Grief is a fair-weather friend. In the moments of crisis and chaos, it holds back, waiting patiently for the waters to calm so it can clear its throat and say, “Excuse me.…” I’d been wondering when it would knock on my door through all this — knock and present itself properly, I mean — and at last, it did. It arrived the day we found out Roe v. Wade had been overturned, when my first thought was: I’m glad Meg isn’t here to see this.

I met Meghan Marohn in the summer of 2019. My boyfriend at the time knew her from environmental activism in Troy, New York, and they’d been arrested together at an Extinction Rebellion protest earlier that year. They’d all laid down, “like selkies” she said, on the Brooklyn Bridge. They blocked traffic to try to convince someone, somewhere, to give a shit that the planet is dying around us and taking us with it.

Meg was released from jail early that day. A call came in from home: there’d been a family emergency. She assumed immediately that it was about her father, who has cancer. It wasn’t. Her mother, Ellen, also a teacher like Meg, had suffered an aneurysm and was dying in the hospital. Meg made it up to Albany just in time to say good-bye before her mother’s body went cold.

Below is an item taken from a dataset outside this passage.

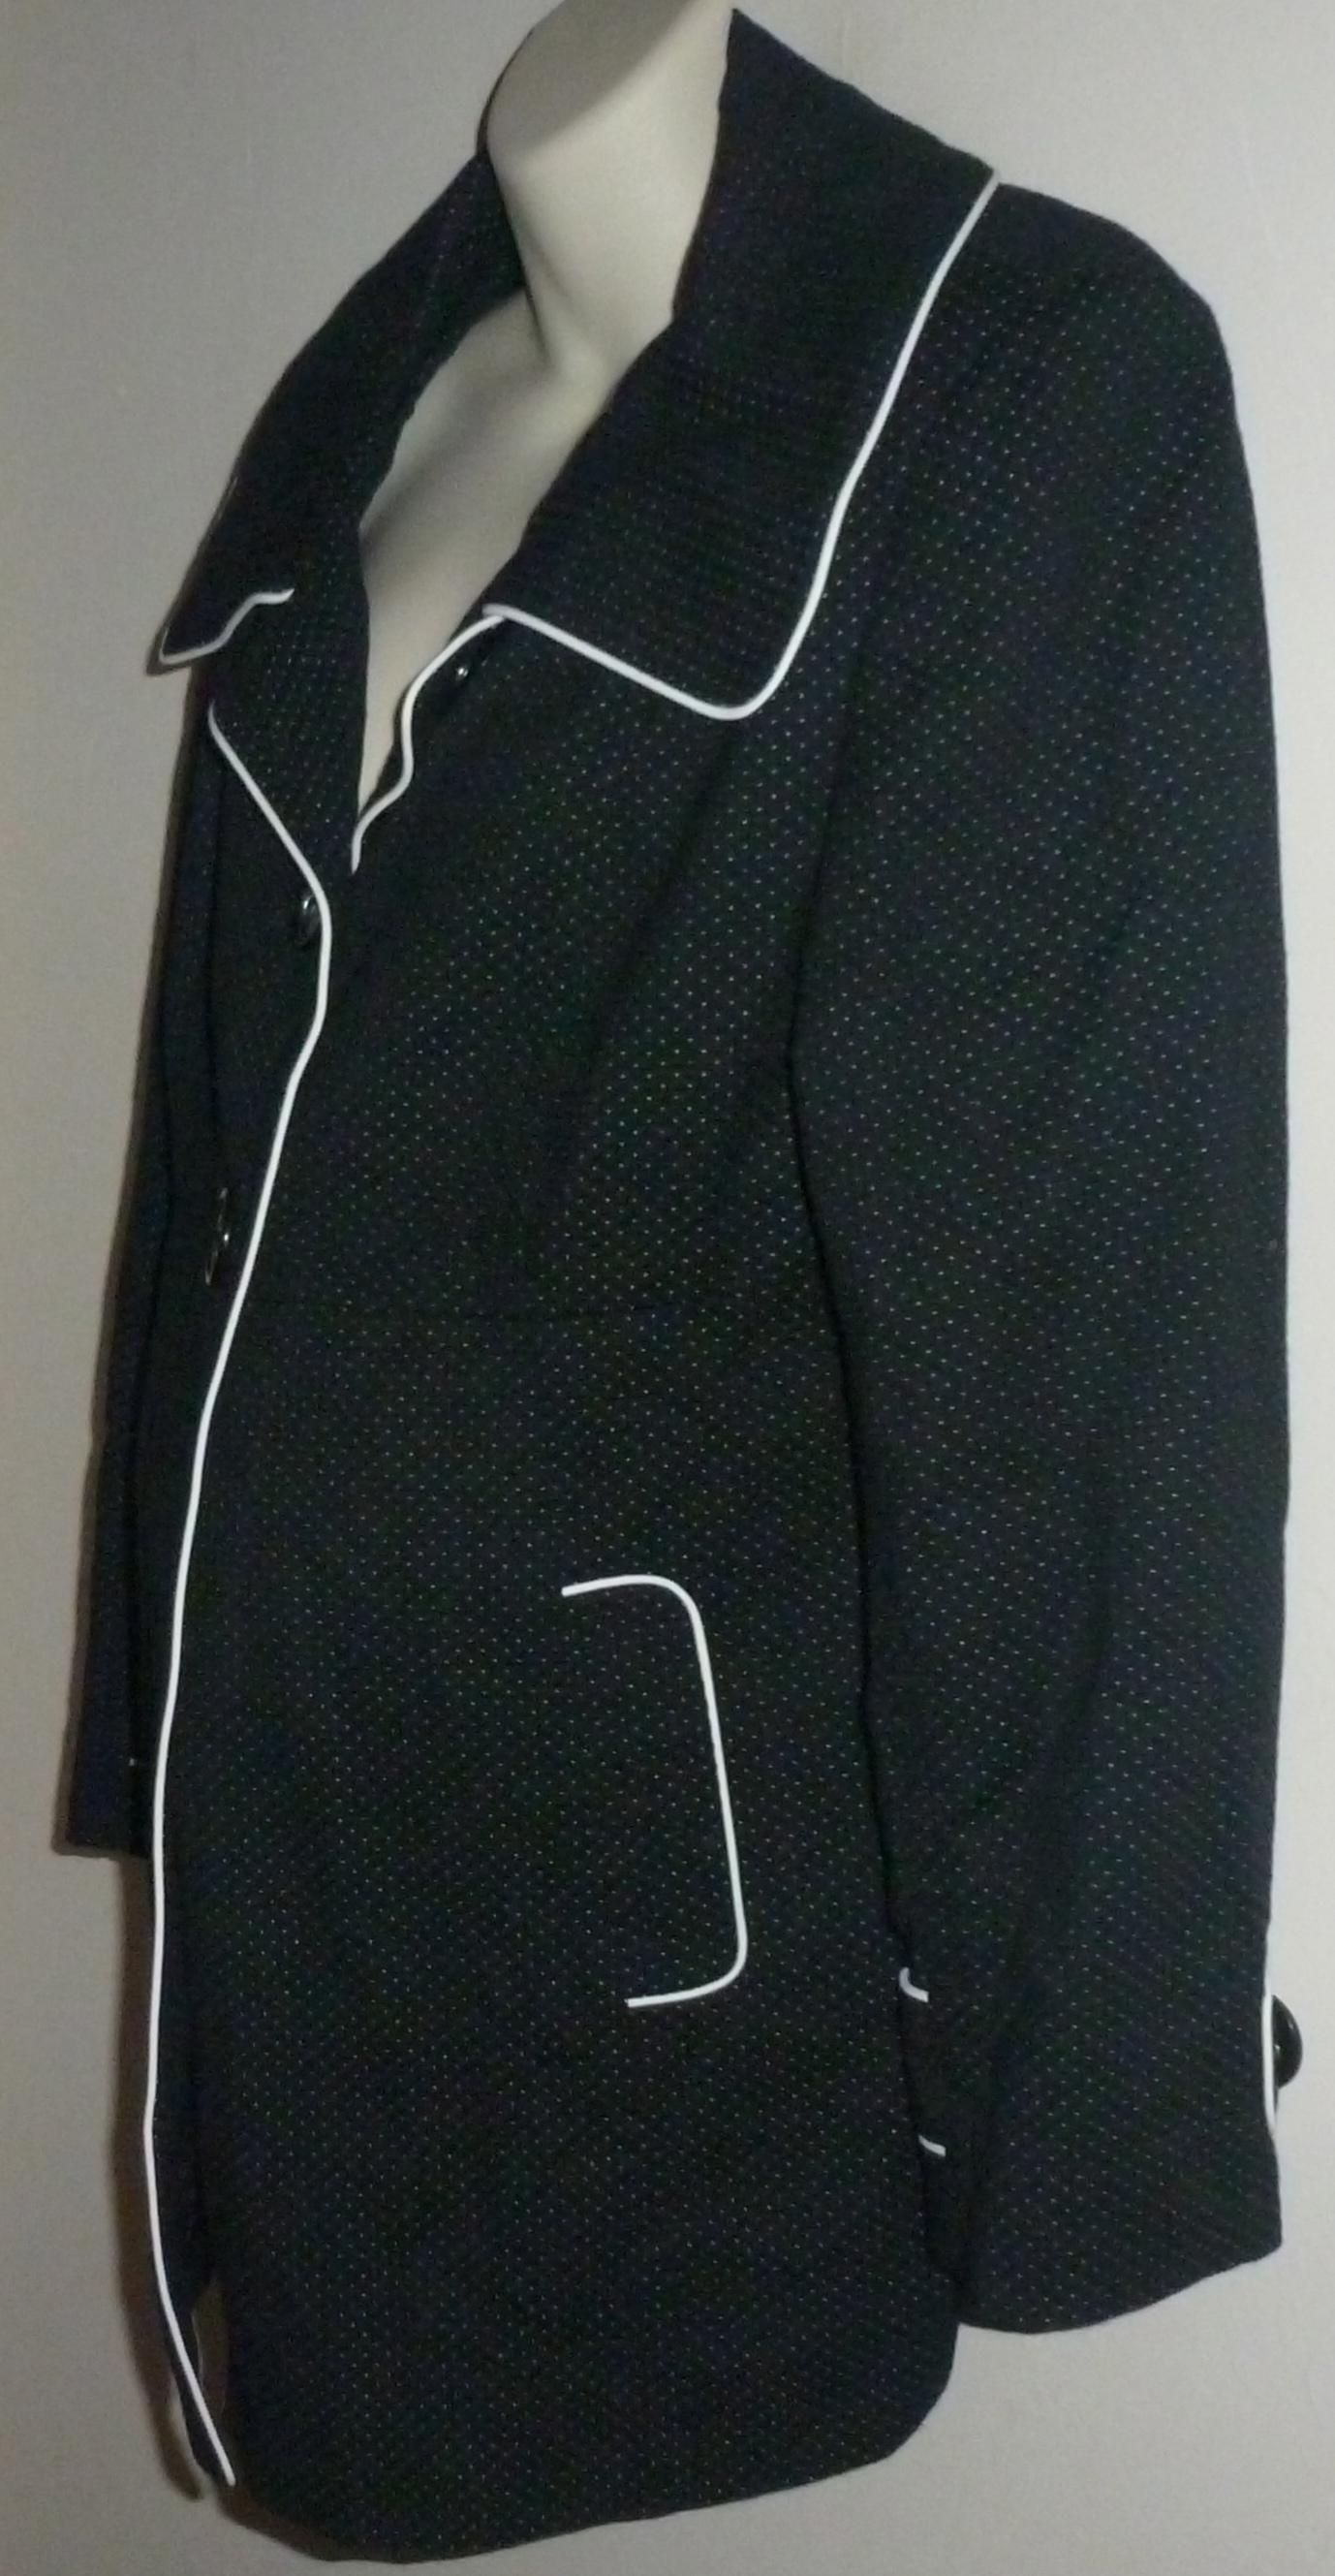 52f128098703c Black/White Lined Coat-Liz Lange Maternity Size Large on Storenvy
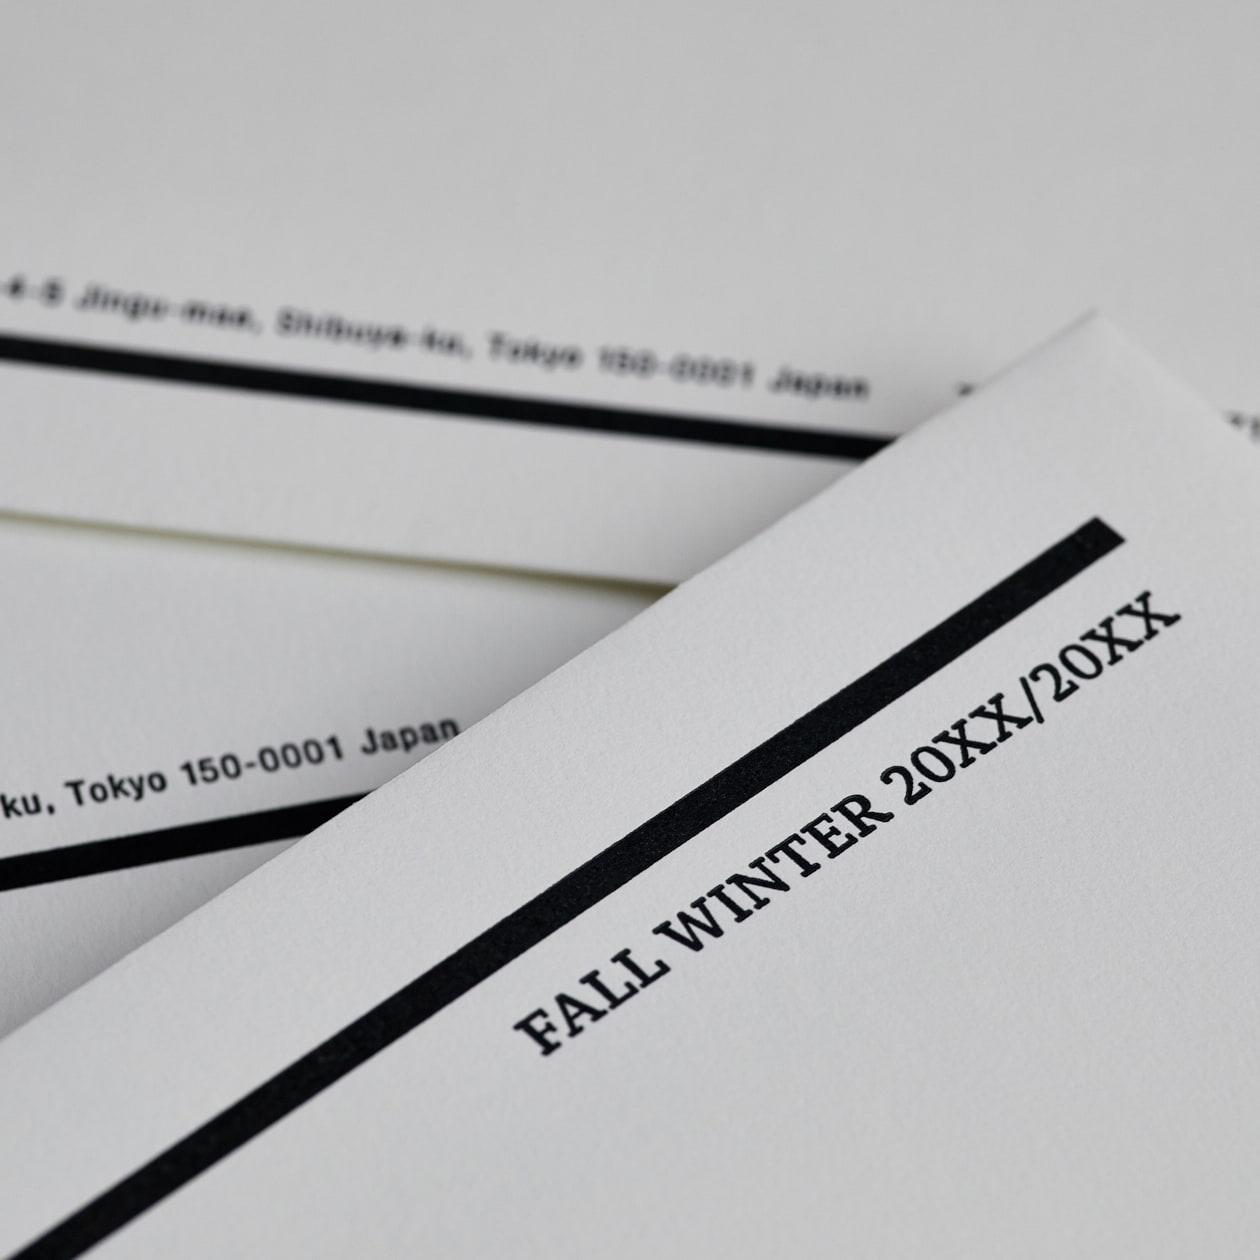 メンズファッション 秋冬コレクション展示会案内状とカタログ

I met her after all this, after yet another piece of her heart had been torn out and thrown across the veil. She was remarkably calm about it that night we met, when we sat in her apartment on Old Sixth under the Christmas lights and the scraps of typewriter poetry all over the walls. She was going to Ireland soon, to wander hilltops and churches performing ceremonies for her mother in the land of her ancestors. That night, we wrote prayers on bits of paper and burned them in the candles. I don’t remember why. It just seemed like the thing to do.

I met her again two months later, after the dissolution of my relationship. We hardly knew each other, but I found myself asking if I could stay with her for a few days while I figured out where to go next. She said yes. I don’t know what compelled me to ask. Maybe a part of me knew. Maybe it was just that right away, everything about her felt like home.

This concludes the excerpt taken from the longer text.